Sample size estimation
Sample size was calculated utilizing the data on the prevalence (60%) of dental caries as obtained from a pilot study conducted among fifty preschoolchildren based on the following formula: 4 × prevalence × (1 − prevalence)/(admissible error)2 × design effect. Admissible error and design effect were kept at 4% and 1.5, respectively. The desired sample size turned out to be 576 and to compensate for any loss of participants during data collection, an additional 10% of sample was added to this. The final study sample consisted of a total of 618 children.
Stratified random sampling was used to recruit the study participants. A list of schools in Belgaum was obtained from the Child Development Office. Accordingly, there were a total of 244 preschools in Belgaum city. In the first stage, Belgaum city was divided into Belgaum North and Belgaum South. Four schools from each zone were selected using a table of random numbers to achieve the desired sample size. From each school, 70–80 children were randomly selected using computer-generated sequencing.

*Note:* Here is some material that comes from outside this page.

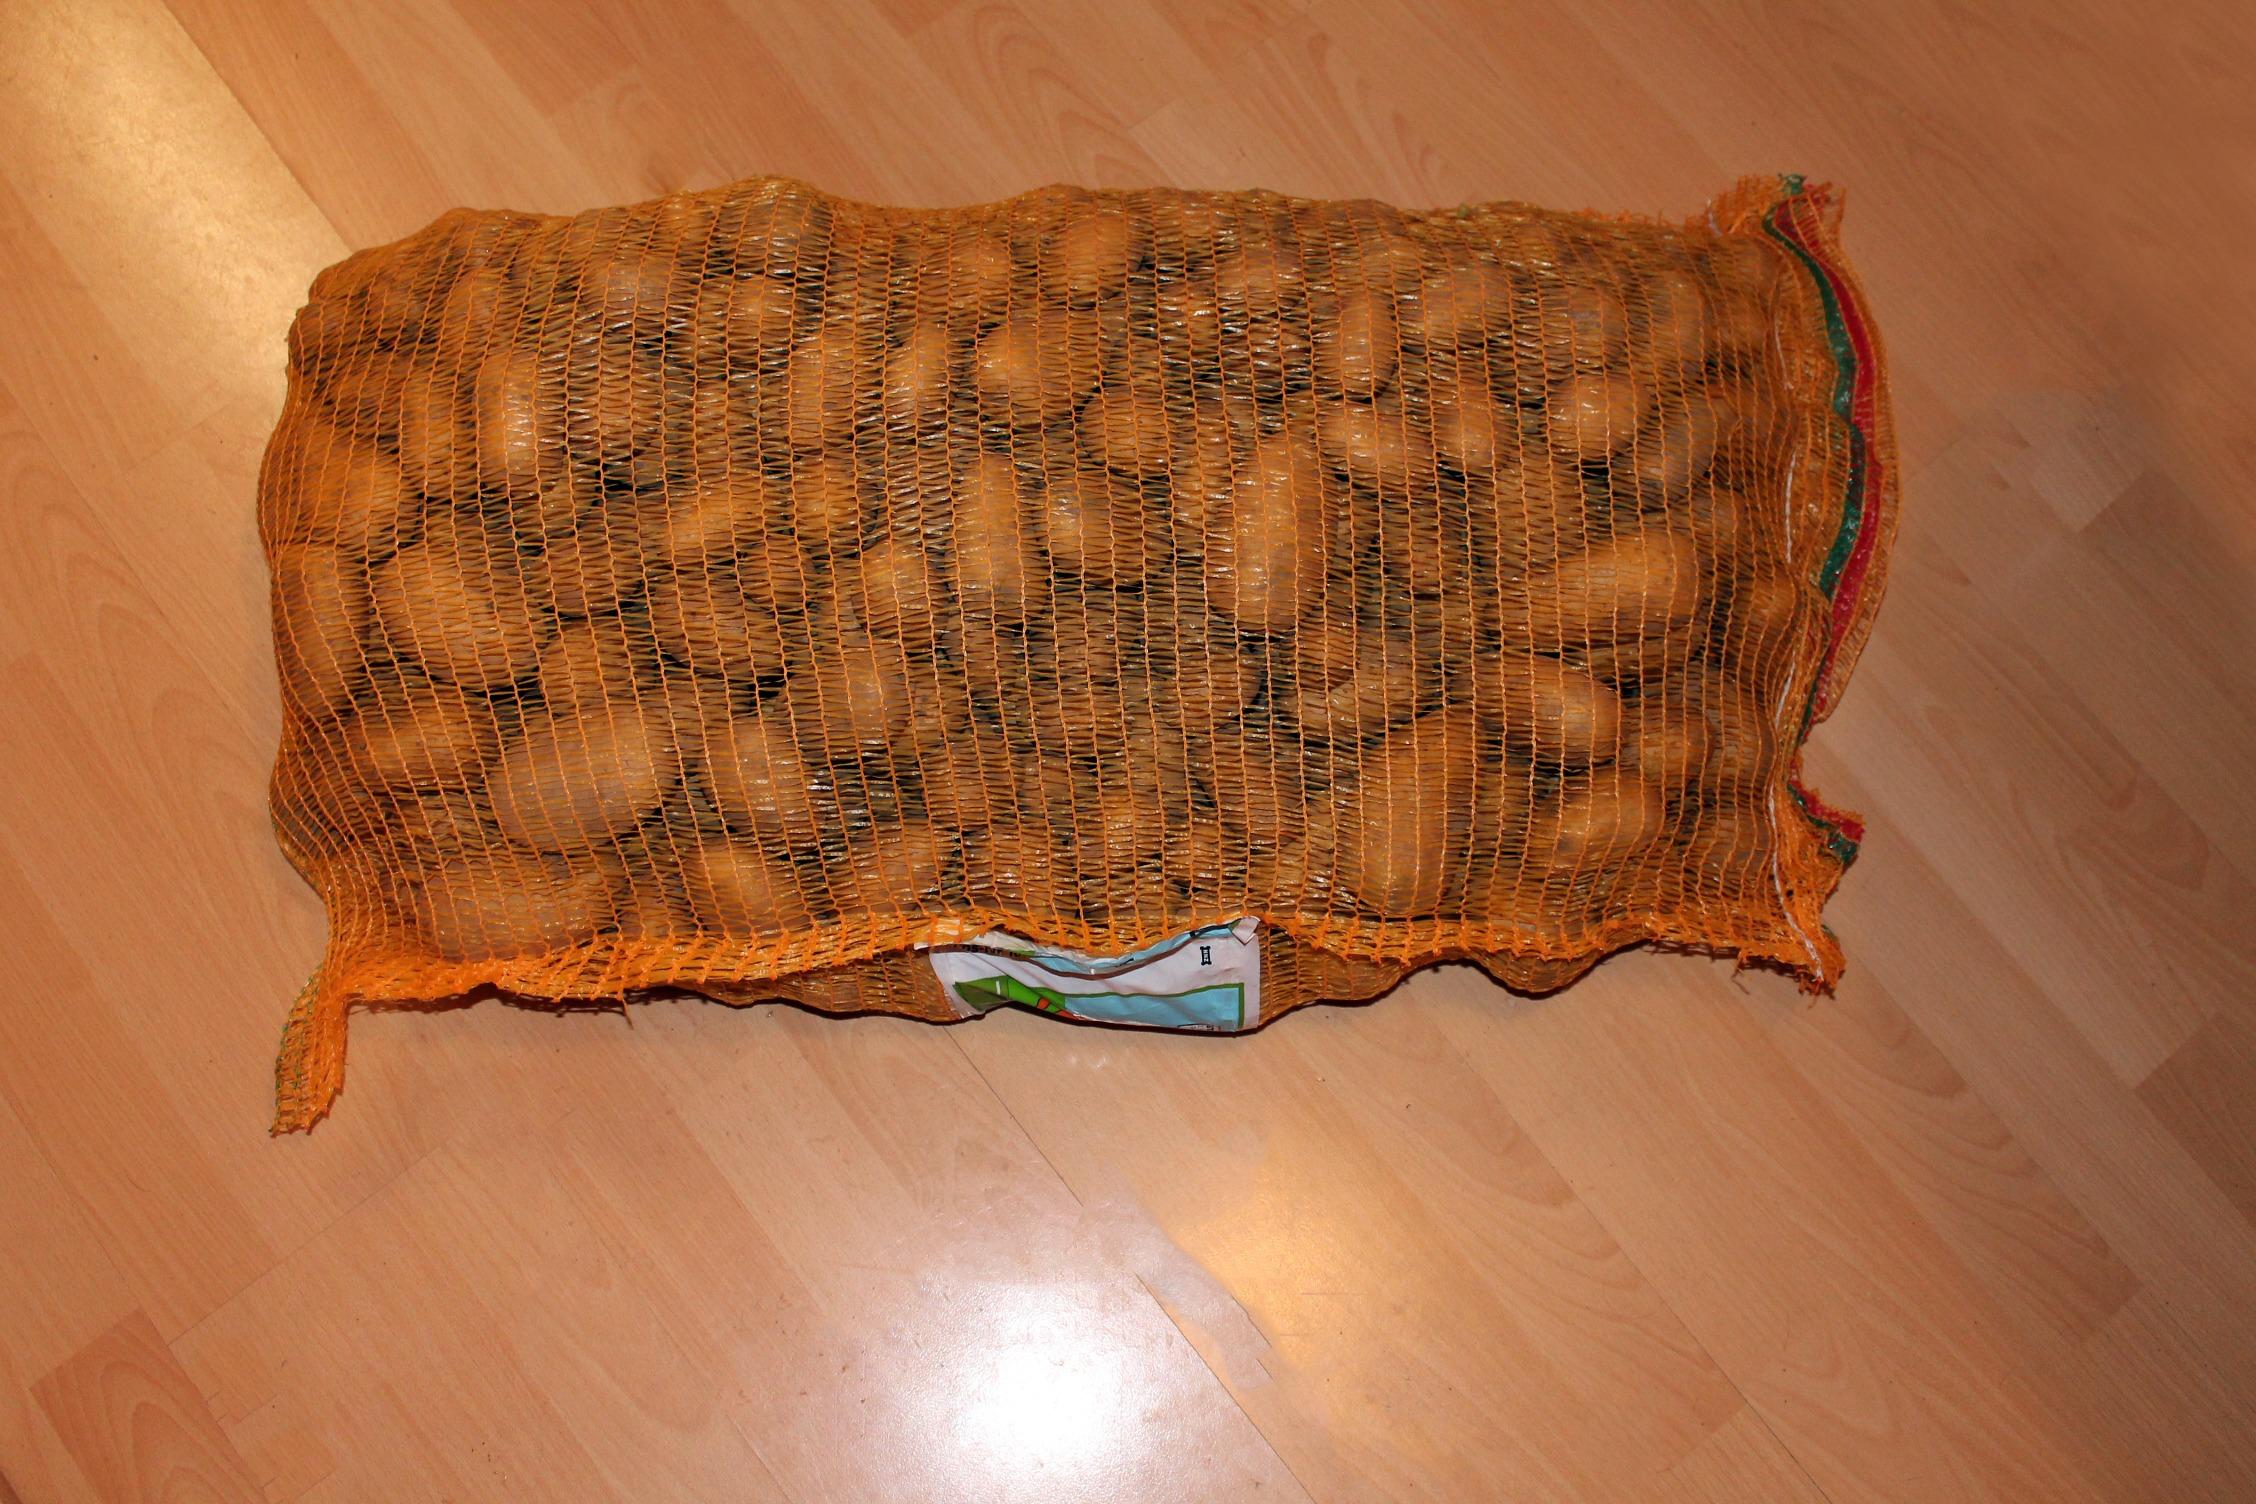 Kostenlose foto  Holz Muster Lebensmittel Mbel Material

Details and pretesting of the questionnaire
A self-structured close-ended questionnaire was used to record the knowledge and attitude of mothers regarding the oral health of their children. It consisted of two parts: the first part included questions pertaining to sociodemographic details, whereas the second part had 12 questions each on the knowledge and attitude of mothers about the oral health of their preschoolchildren. Kuppuswamy scale was used to record the socioeconomic status (SES) of mothers. The questionnaire was reviewed by experts (who were active in the field of maternal and child oral health), and content validity was ensured. The questionnaire was translated into regional language by an expert, and back translation was done to establish linguistic validity. A pilot study was conducted to determine the test–retest reliability of the survey questions in the present scenario (Cronbach's alpha = 0.82); fifty mothers who completed the survey during the initial administration completed the survey 2 weeks later. The respondents were also asked for feedback on clarity of the questions and whether there was any difficulty in answering the questions or ambiguity as to what sort of answer was required. The participants who participated in the pilot study were not included in the final sample.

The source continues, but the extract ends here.